> [AVAILABLE RECORDS]:
* * * *

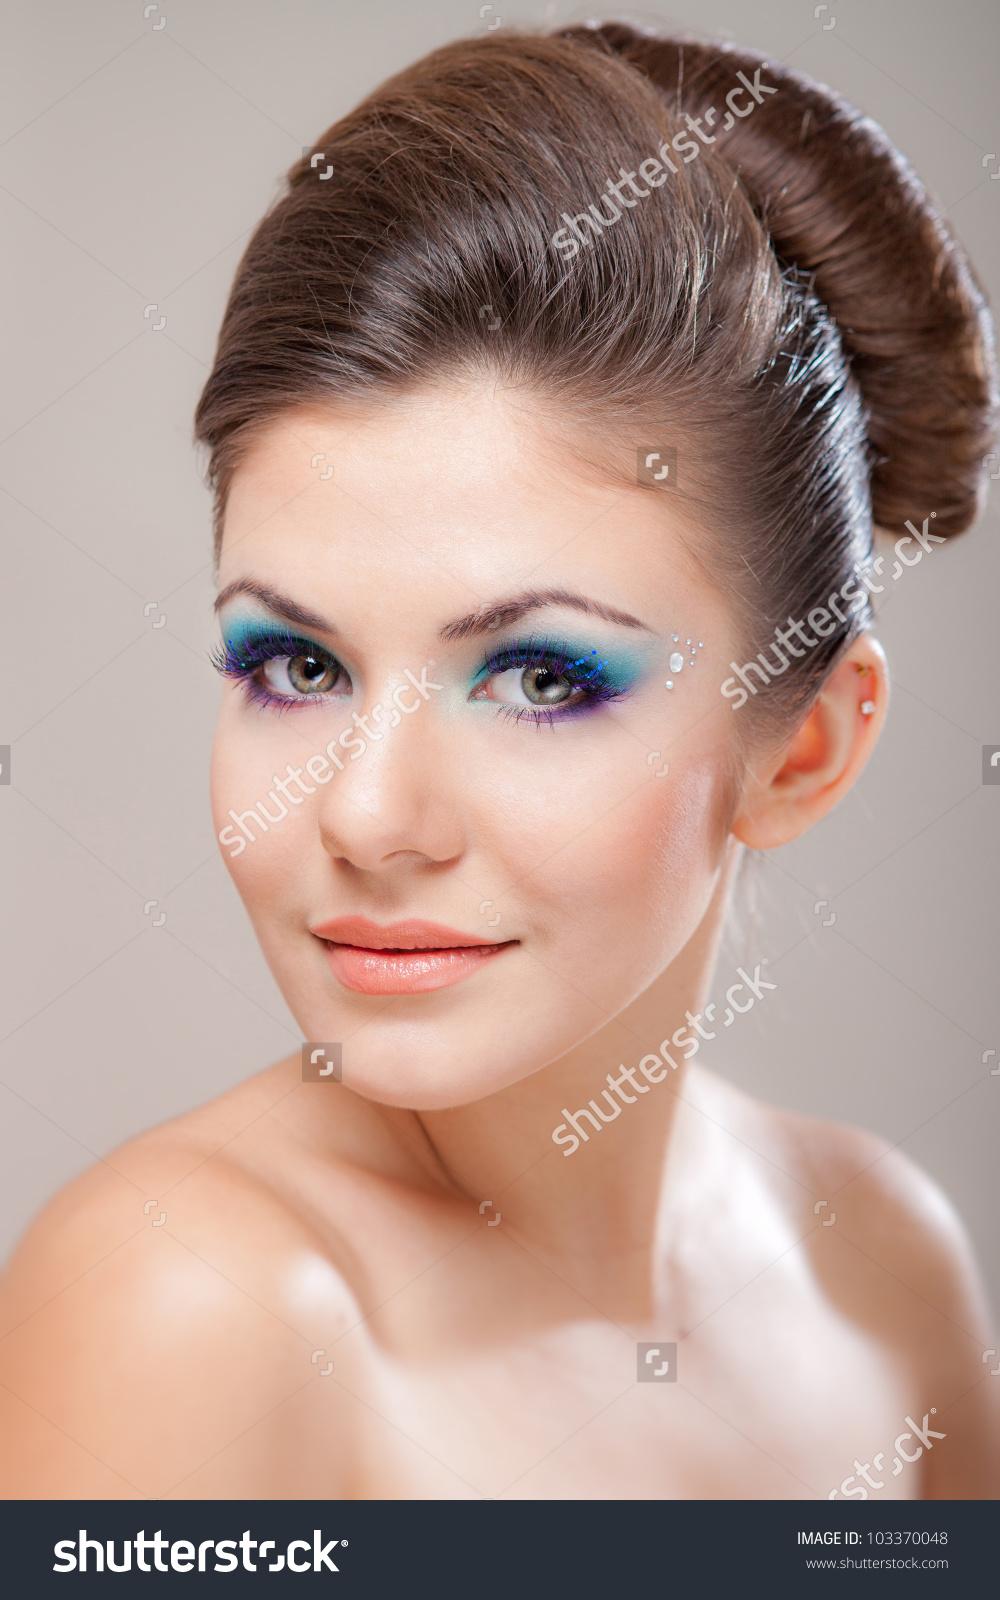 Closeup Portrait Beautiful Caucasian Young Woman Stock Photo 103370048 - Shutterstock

* * * *

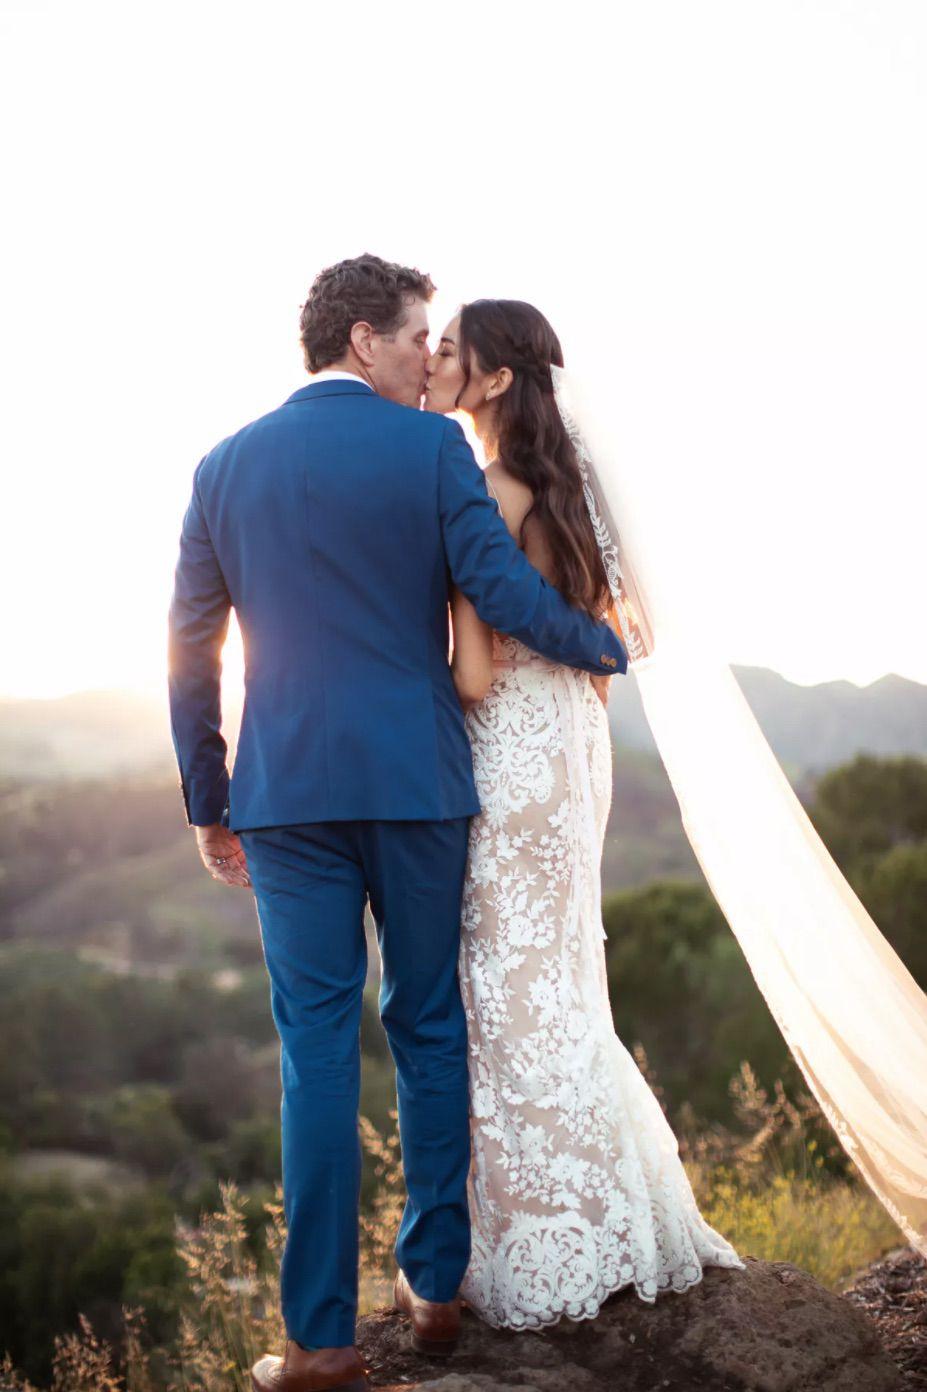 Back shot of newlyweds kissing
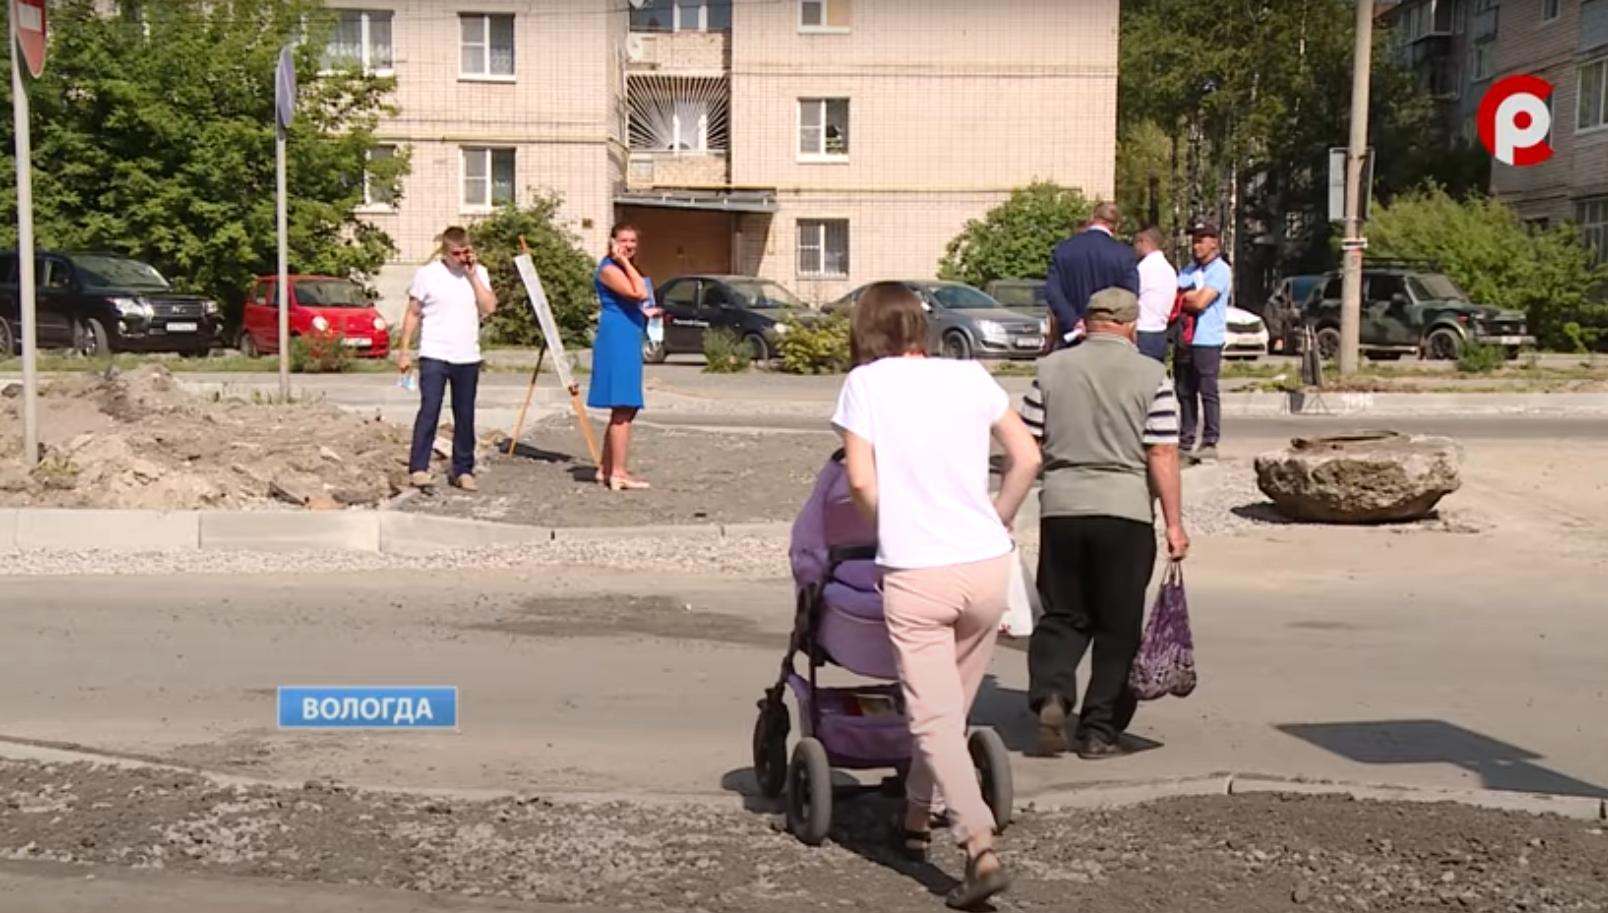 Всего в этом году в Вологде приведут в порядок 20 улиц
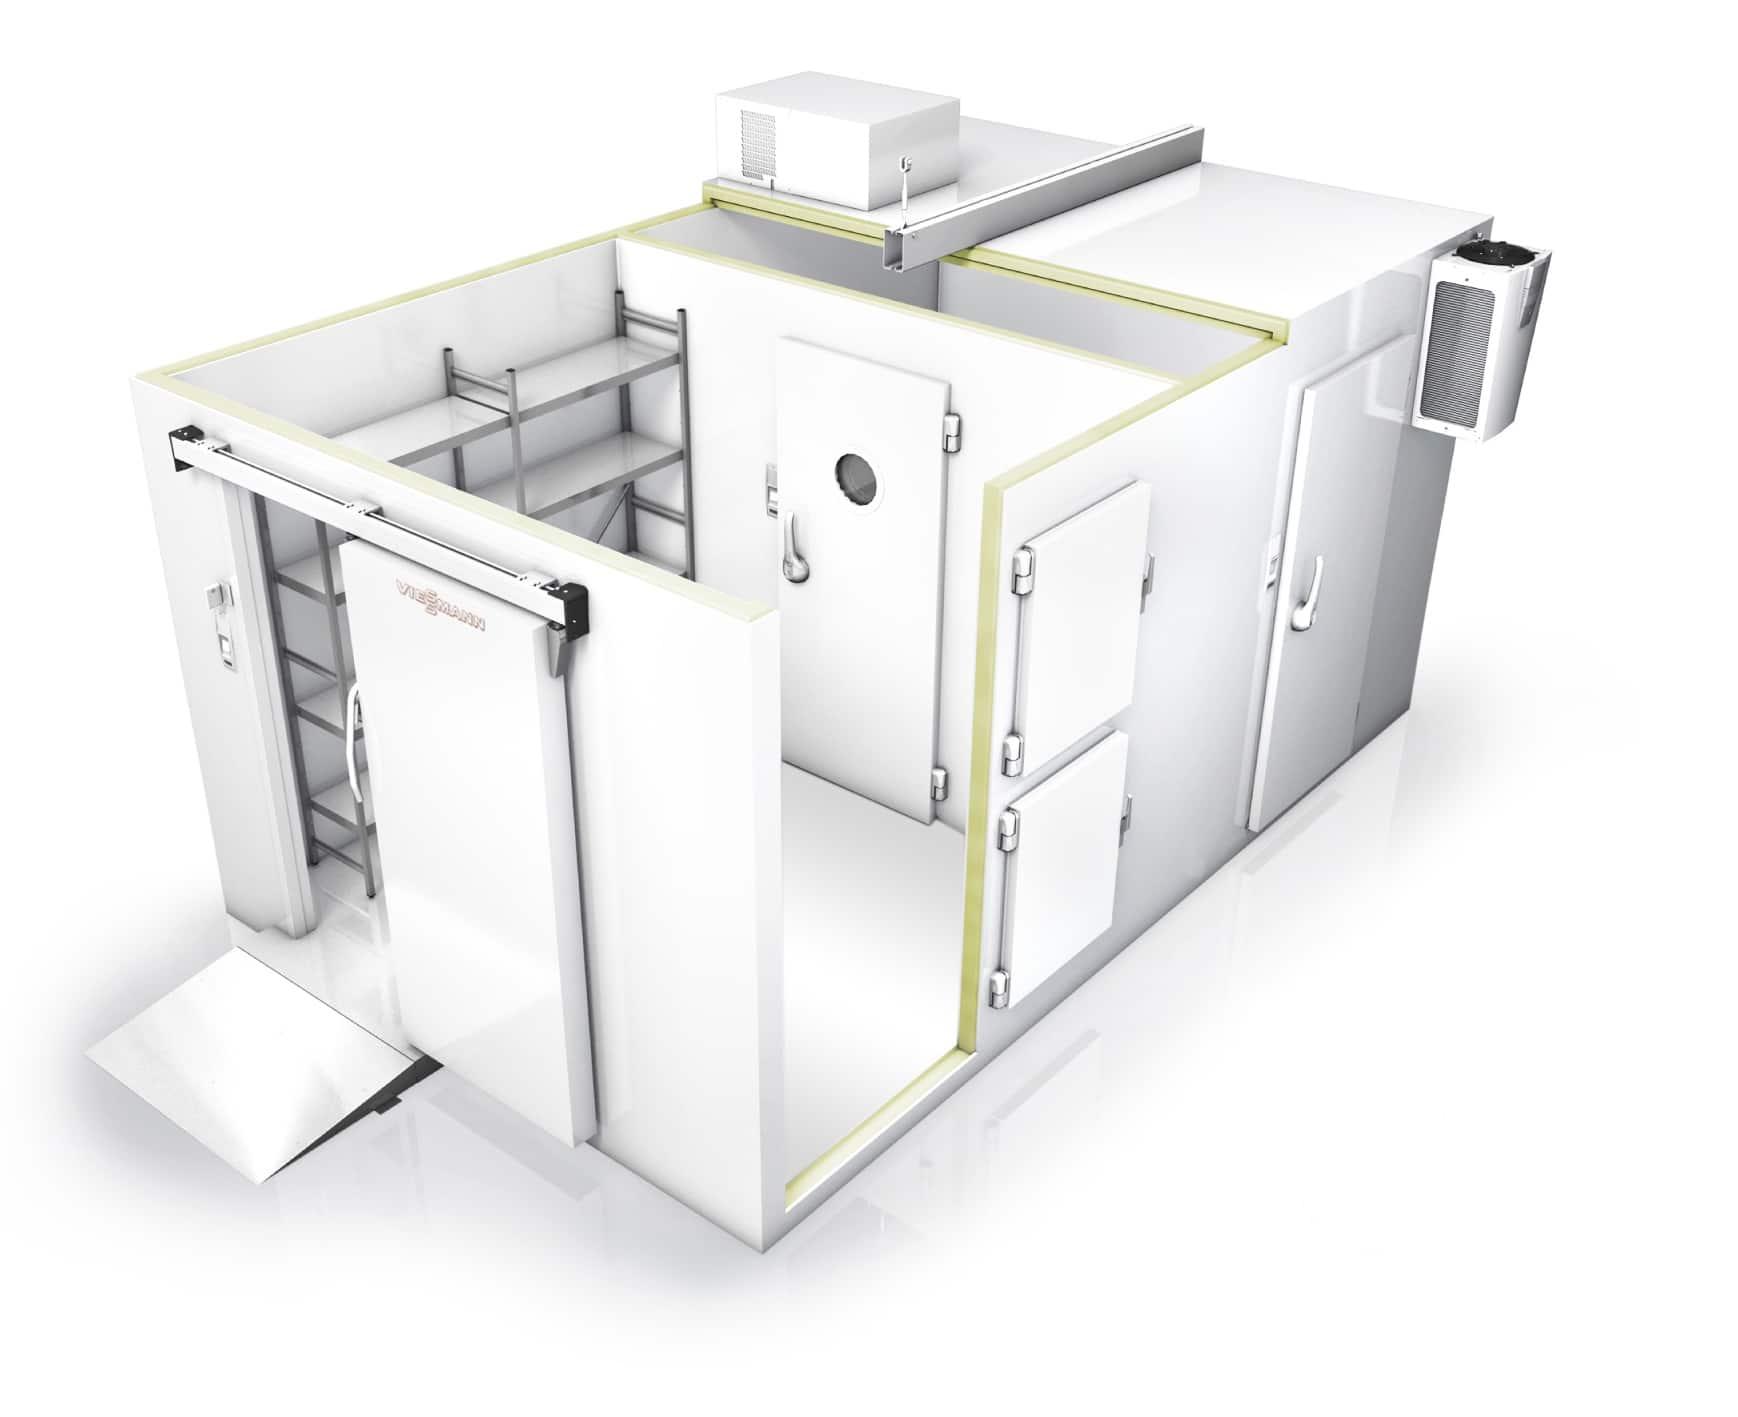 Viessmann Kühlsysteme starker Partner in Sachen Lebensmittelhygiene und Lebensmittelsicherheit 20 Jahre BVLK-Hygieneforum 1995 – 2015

* * * *

> [TASK DESCRIPTION]:
Starting with the line that has "Back shot of newlyweds kissing" and ending with the line that has "Viessmann Kühlsysteme starker", repeat the lines above exactly, omitting every picture.

> [EXERCISE ANSWER]:
 Back shot of newlyweds kissing
 Всего в этом году в Вологде приведут в порядок 20 улиц
 Viessmann Kühlsysteme starker Partner in Sachen Lebensmittelhygiene und Lebensmittelsicherheit 20 Jahre BVLK-Hygieneforum 1995 – 2015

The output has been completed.